In each of the sectors, the wage gap is positive ... being huge in the legal sector.

In [15]:
ax = sns.barplot(x="diff", y="Occupation", data=dfTitles.sort_values('diff',ascending=False))

# Let's plot individual jobs 

It seems that there is a big difference between the salaries of women and men if we talk about sectors, but what about specific jobs?

In [16]:
dfsubTitles = df.loc[~df['Occupation'].isin(titles)].reset_index(drop=True)
dfsubTitles.head()

In [17]:
df.loc[1]

In [18]:
dfsubTitles['diff'] = dfsubTitles['M_weekly'] - dfsubTitles['F_weekly']
dfsubTitles.head()

### Which are the jobs where men have much more salary?

In [19]:
ax = sns.barplot(x="diff", y="Occupation", data=dfsubTitles.sort_values('diff',ascending=False)[:15])

It seems that the financial sector is the one with the most salary difference.

### Are there jobs where women have a bettter salary?

In [20]:
ax = sns.barplot(x="diff", y="Occupation", data=dfsubTitles.sort_values('diff',ascending=False)[-10:])

Yes, there are jobs where women have higher wages, but the differences are not very big.

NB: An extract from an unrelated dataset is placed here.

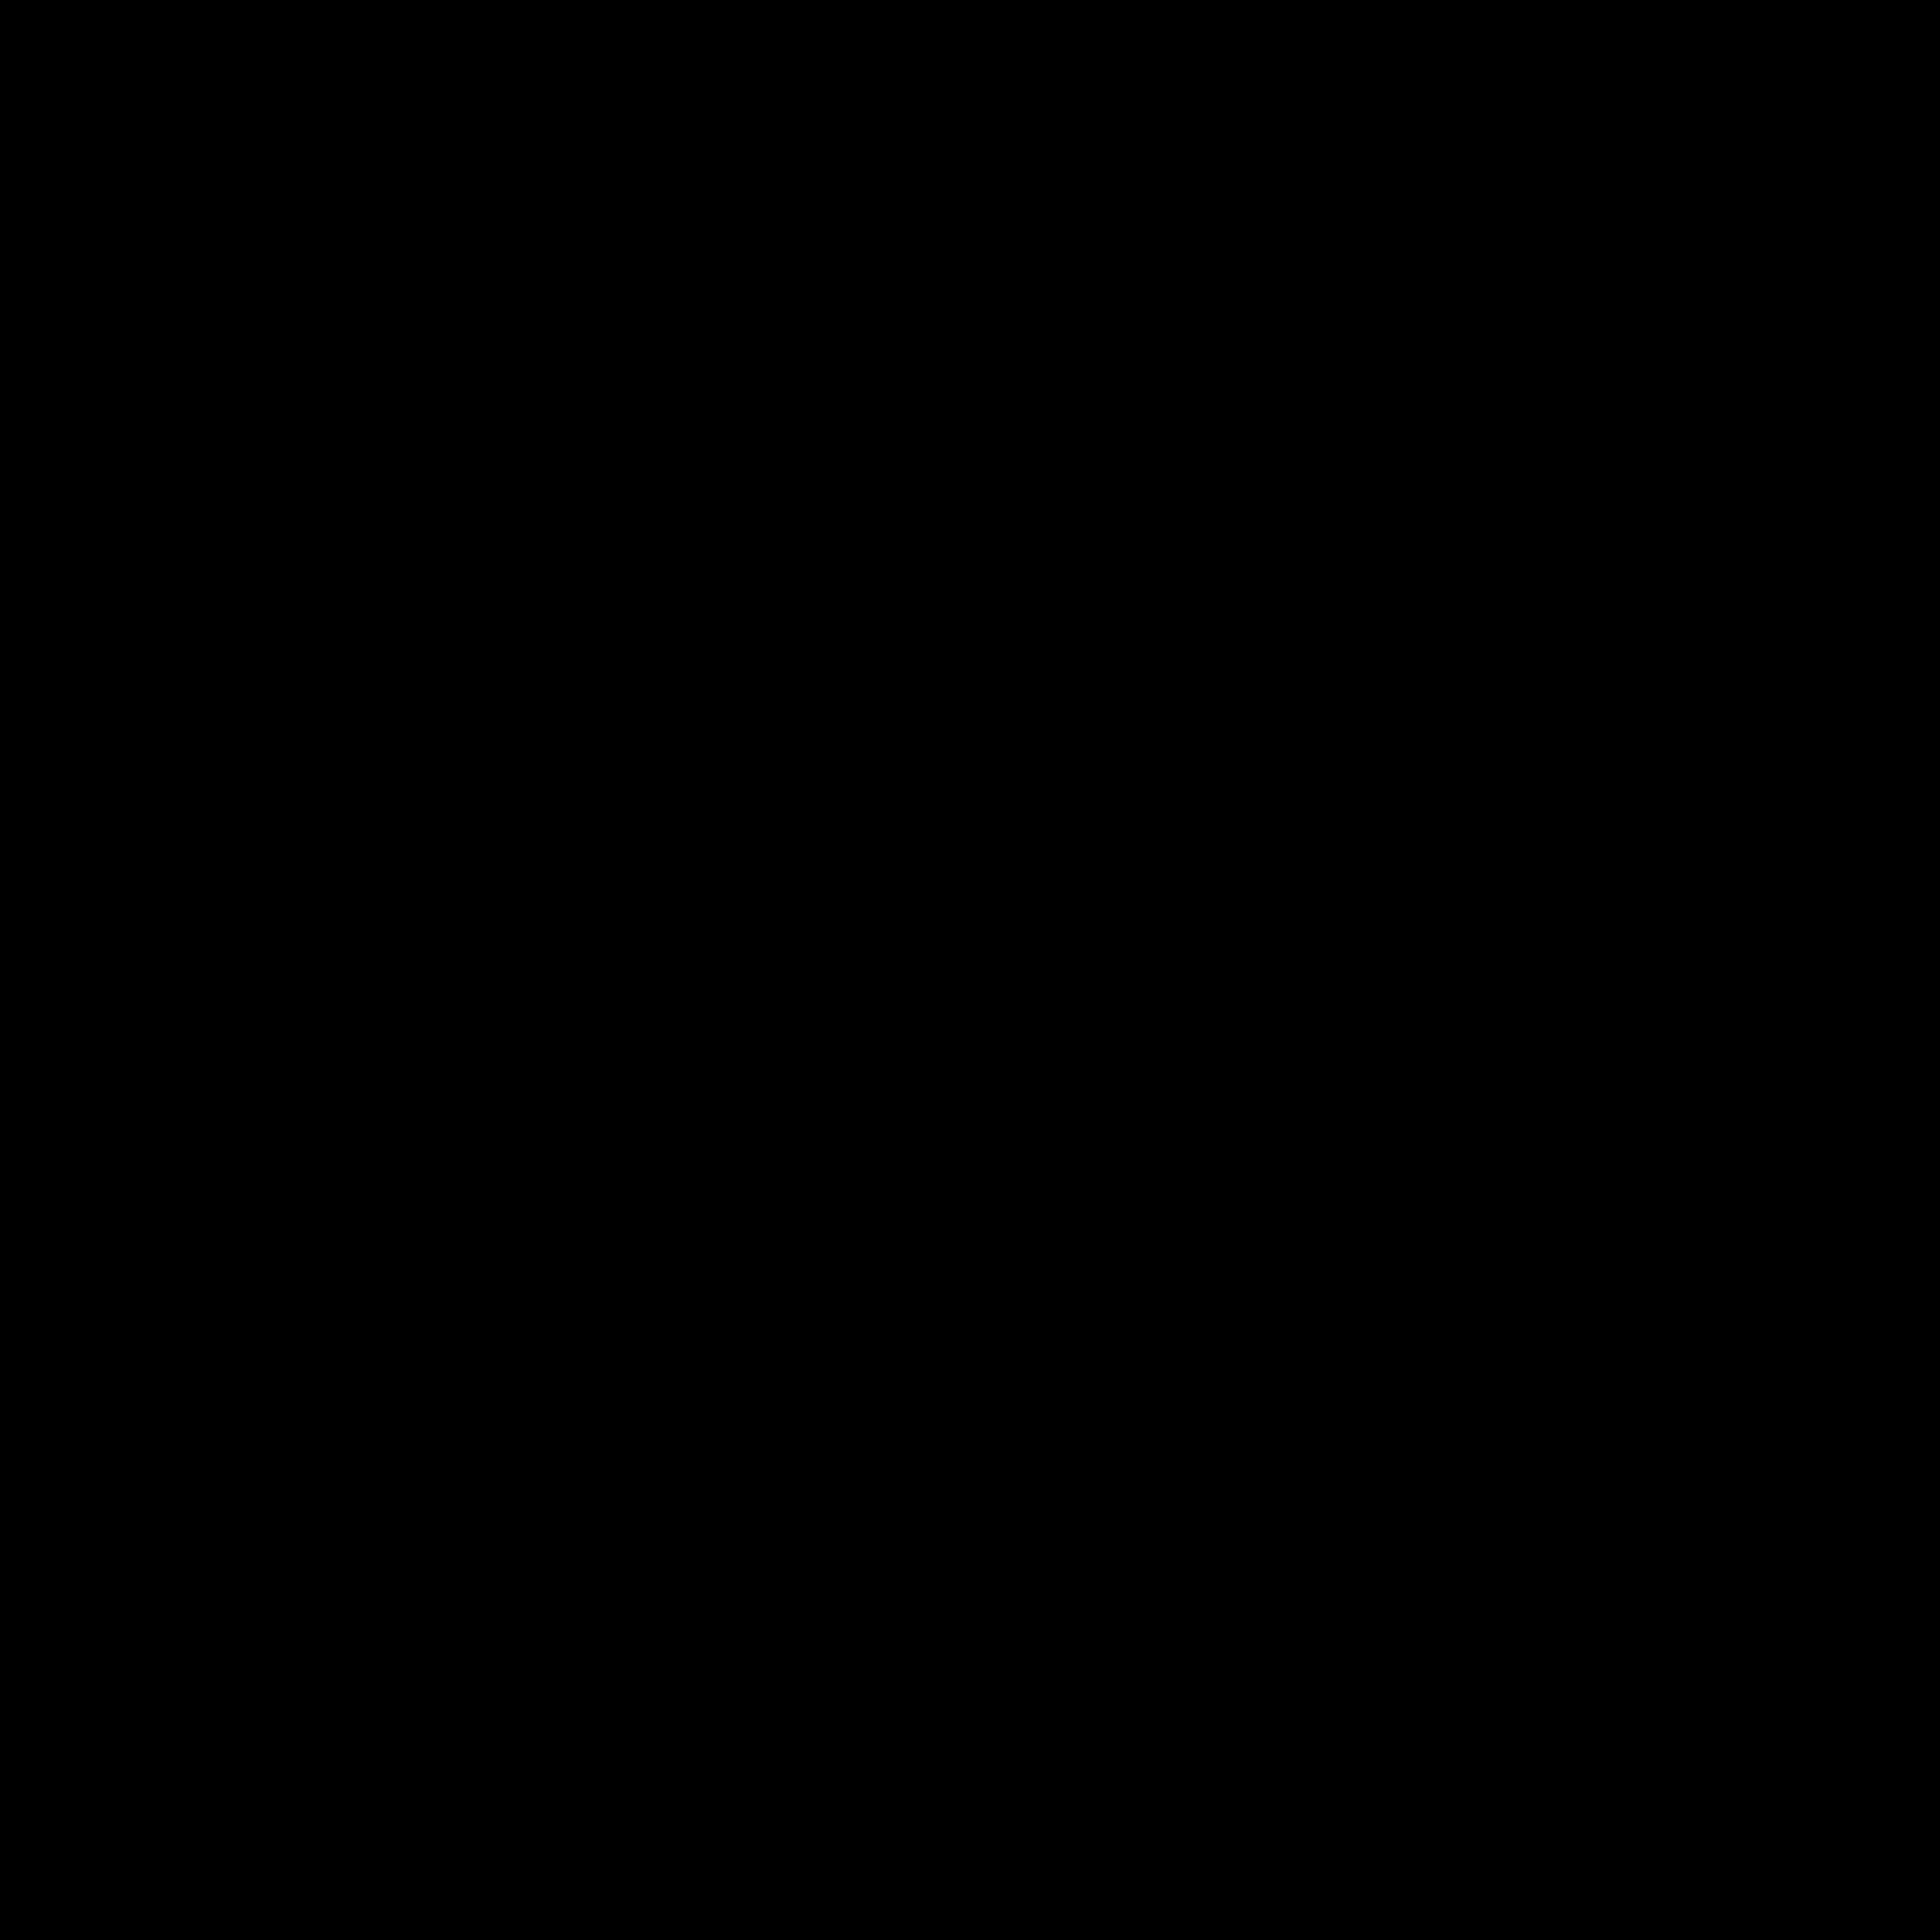 trd racing development logo png transparent amp svg vector

# Can we talk in general terms about salary differences?

In [21]:
ax = sns.distplot(dfsubTitles['M_weekly'],bins=20, color='blue',label='Male')
ax = sns.distplot(dfsubTitles['F_weekly'], bins=20, color='pink',label='Female')
ax.set(ylim=(0, 0.002))
plt.plot([dfsubTitles['M_weekly'].median(),dfsubTitles['M_weekly'].median()],[0, 0.0004], linewidth=2, color='blue',label='Male median')
plt.plot([dfsubTitles['F_weekly'].median(),dfsubTitles['F_weekly'].median()],[0, 0.0004], linewidth=2, color='red',label='Female median')
_=ax.legend()

In this case, I plot the median because when we work with skewness distributions, median is often more representative.

In [22]:
sns.boxplot(data=df[['M_weekly','F_weekly']])

In [23]:
print("**************MALE**************")
print(df['M_weekly'].describe())
print("*************FEMALE*************")
print(df['F_weekly'].describe())

In general terms, women have lower wages that men, in particular in the financial sector, legal and business. 

Bye and keep kaggling!